I know, I know…. we’ve all heard enough of “big piece of ice”, “ICE”, “Iceland”, “hundreds of feet of ice”, “not on the frontlines” etc. And…best not mention the threat to the icy “G” spot (thousands of miles from Melania) which has ‘ruptured’ the rules-based world order. Anyway, it’s Friday and the past week felt like months before closing with the ‘bigliest’ TACO ever at Davos. Not the food version, but the geopolitical clown car currently posing as the leader-for-life of the autocrats anonymous therapy group, The Board of Peace. Entry fee is a billion, leave your moral compass at the door. Parody is dead, but for investors not quite exhausted by awful, there are genuine investment prizes out there and they are developing nicely despite the Davos noise. The White House brown shirts in ICE might ask you not to believe your eyes and ears in Minneapolis, but for the next 3-4 minutes, just read and believe….
Smaller companies are doing very well in 2026 on public markets. In fact, the smaller company US equities index, the Russell 2000, has beaten the blue chip S&P 500 index for the 14th consecutive day. That’s the best relative (small vs large) winning streak seen in markets since 1996. So, despite the headlines confidence in markets is actually pretty high. A more esoteric check on confidence can be found in the way bigger (than equities) bond/debt markets. Confidence in high quality company bonds is measured by the gap(extra cost) between US risk-free government bond yields (Treasuries) and the yields of the bonds(debt instruments) issued by companies themselves. The larger the gap(the “spread”), the larger the uncertainty of investors. So, check out current spreads of just 0.71% which are the lowest demanded by investors since 1998. In other words, investor confidence is riding high. That means many investment themes remain intact.
Best performing US large company stock last year? Good ol’ Sandisk. Yep, it delivered 577% returns to investors in 2025 alone. Its run continues. Sandisk has just clocked another 110% return in January…That’s a 1,300% return in less than one year and a reminder that the ‘picks and shovels’ of AI infrastructure are still hot, hot, hot. Not long ago Sandisk was a stodgy old memory card company (think USB thumb drives) but memory chips have became a major supply bottleneck for AI development. Generative AI models like Gemini, ChatGPT and Claude need ever-increasing ‘context’ as reference data. Or, as we used to call it, memory. An interesting part of this story is Sandisk’s partnership with Japanese manufacturer, Kioxia, whose multi-decade expertise in manufacturing is delivering a significant cost advantage. There will be more Japan surprise cost/value stories this year but it’s no surprise to Gravitas readers of our “Japan Series” of articles in 2025. Take-private buyout deals in Japan hit a record $40 billion in 2025. Now, think about Japan household savings storing up $14 trillion of firepower which equates to more than three times its GDP. However, there’s another Japan story which is worth watching too…
We keep writing about the bullying power of global bond markets. One of the biggest is Japan’s government bond market (JGBs). Last week witnessed Japanese government bond yields (cost of money) rising to levels not seen since the 1990s. That is a worry because Japan has a lot of debt (but also a lot of savings). However, there is a bright spot in this rising bond yield story. Ordinarily, inflation is a bad thing, particularly for bonds. But… in Japan, monetary authorities and successive frustrated governments have spent decades trying to generate inflation to encourage spending NOW, and not years in the future. Of course, bond yields can’t be let run out of control but if managed/balanced carefully, there will be many more buyout deals, venture capital growth and M&A in the Land of the Rising Sums….of investment capital. The bond yield spike is not just a Japanese phenomenon.
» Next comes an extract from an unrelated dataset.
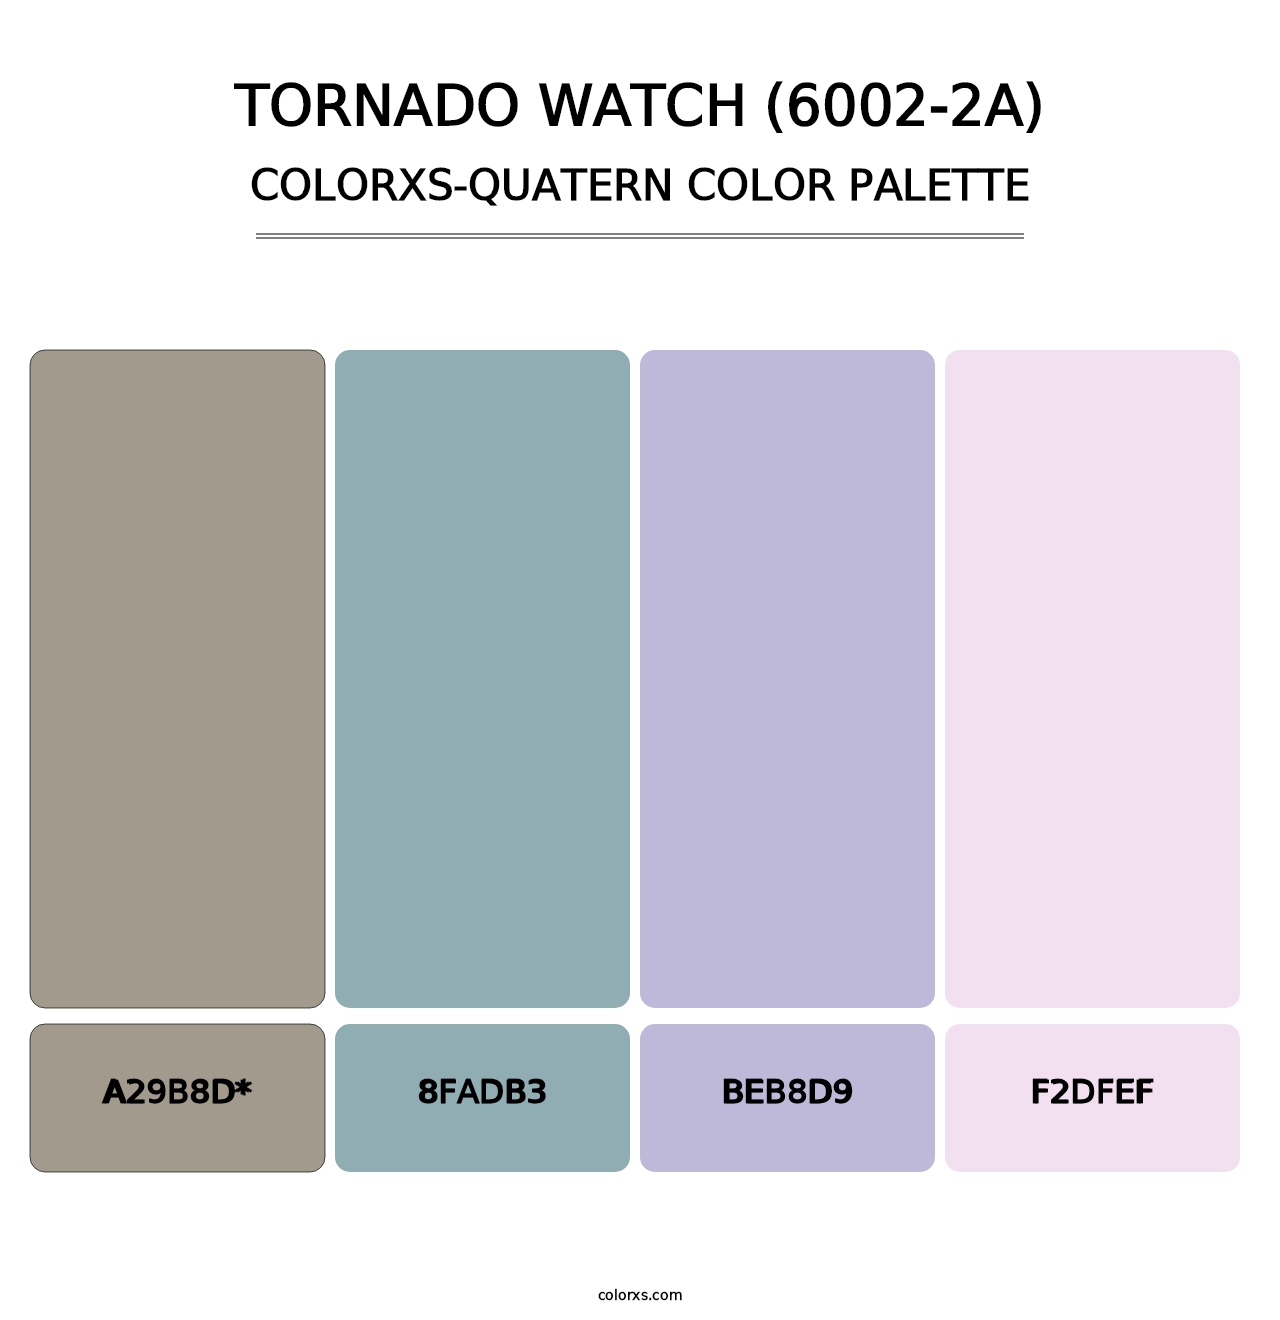 Tornado Watch (6002-2A) - Colorxs Quatern Palette

US monetary authorities have been cutting interest rates since 2024 but bond yields (and mortgage rates) remain stubbornly high. In this instance investors are worried about Fed independence, tariff chaos and the vaporising of the rule of law in Washington. Somebody might have to explain to Agent Orange that bonds and debt instruments are financial contracts. Then again, that never meant much to him or his poor bankers in Manhattan during the ‘90s. However, this inflation uncertainty can be a good thing for particular parts of the investment markets. In particular, you will hear more about real assets. Atoms rather than bits. Anyone seen the silver price this week? Yep, $100 here we come. Or check out Brazil. It makes and owns lots of real things in the agricultural, mineral and materials spaces. Brazil’s stock market is already up 10% year-to-date while US and European markets are sitting on more restrained returns of 1-2%.
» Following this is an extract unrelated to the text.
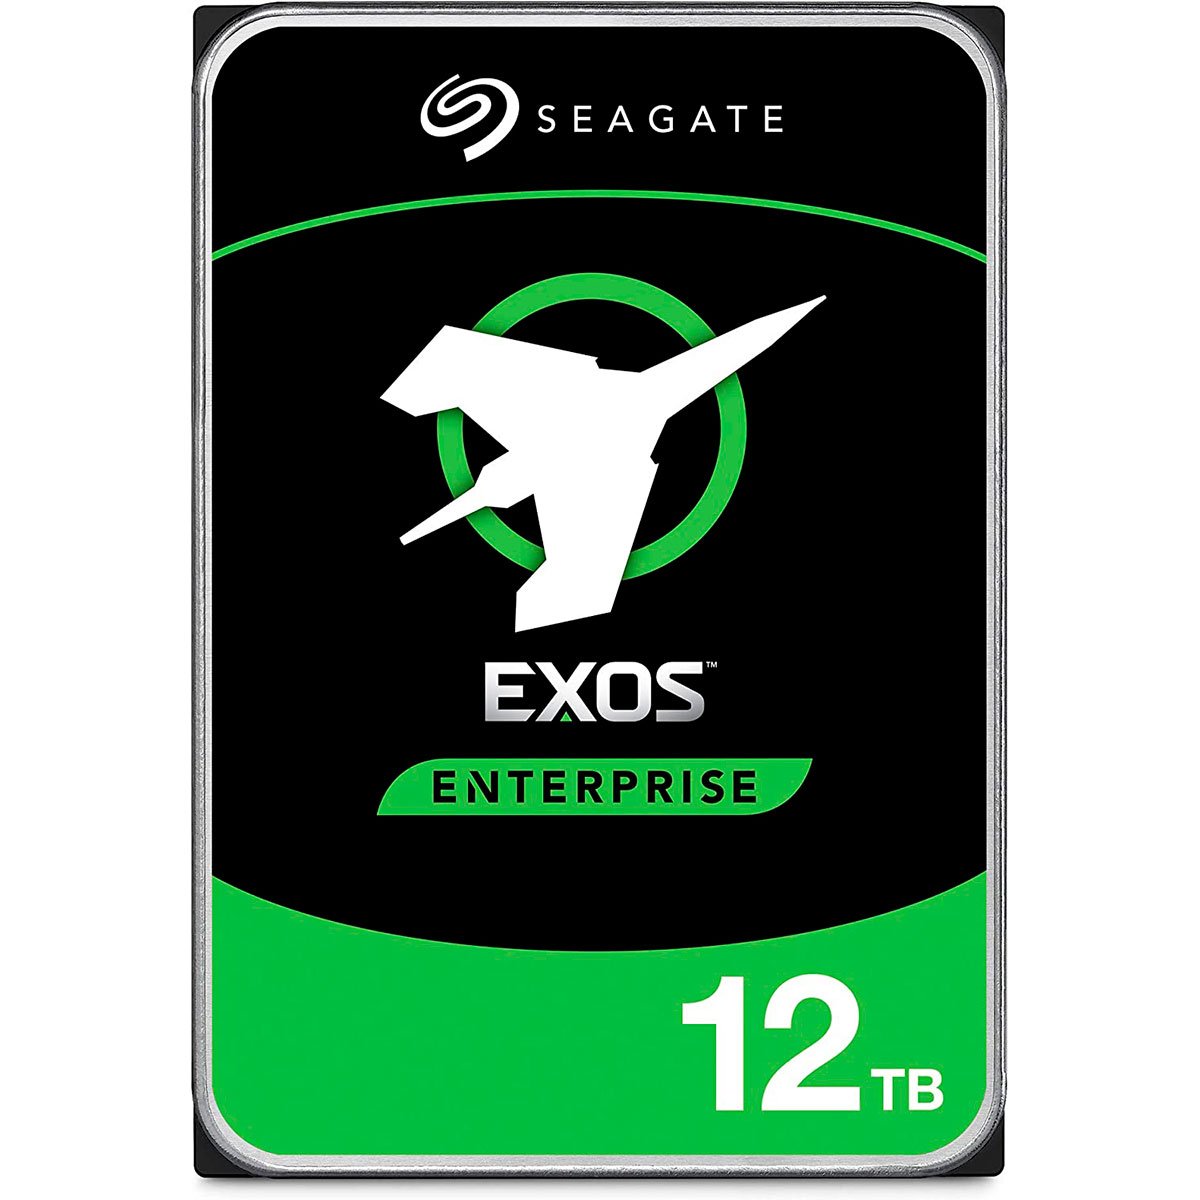 HD SAS 12TB - 7200RPM - 256MB Cache - Seagate Exos X16 Enterprise - ST12000NM002G

These are not new themes. Really this article is a reminder, despite the bewildering headlines and global ‘rupture’ (do read Canadian PM Mark Carney’s Davos speech), that investment and economic stories continue to develop along the same trajectories experienced in 2025. Indeed, to use Carney’s words, if there is a new theme/story, it is to look at the ‘middle powers’, not the autocratic gorillas, and explore opportunity in the likes of Japan, Brazil and ….. a Europe which finally stood down a bully with some not-so-subtle assistance from those law-loving global bond markets.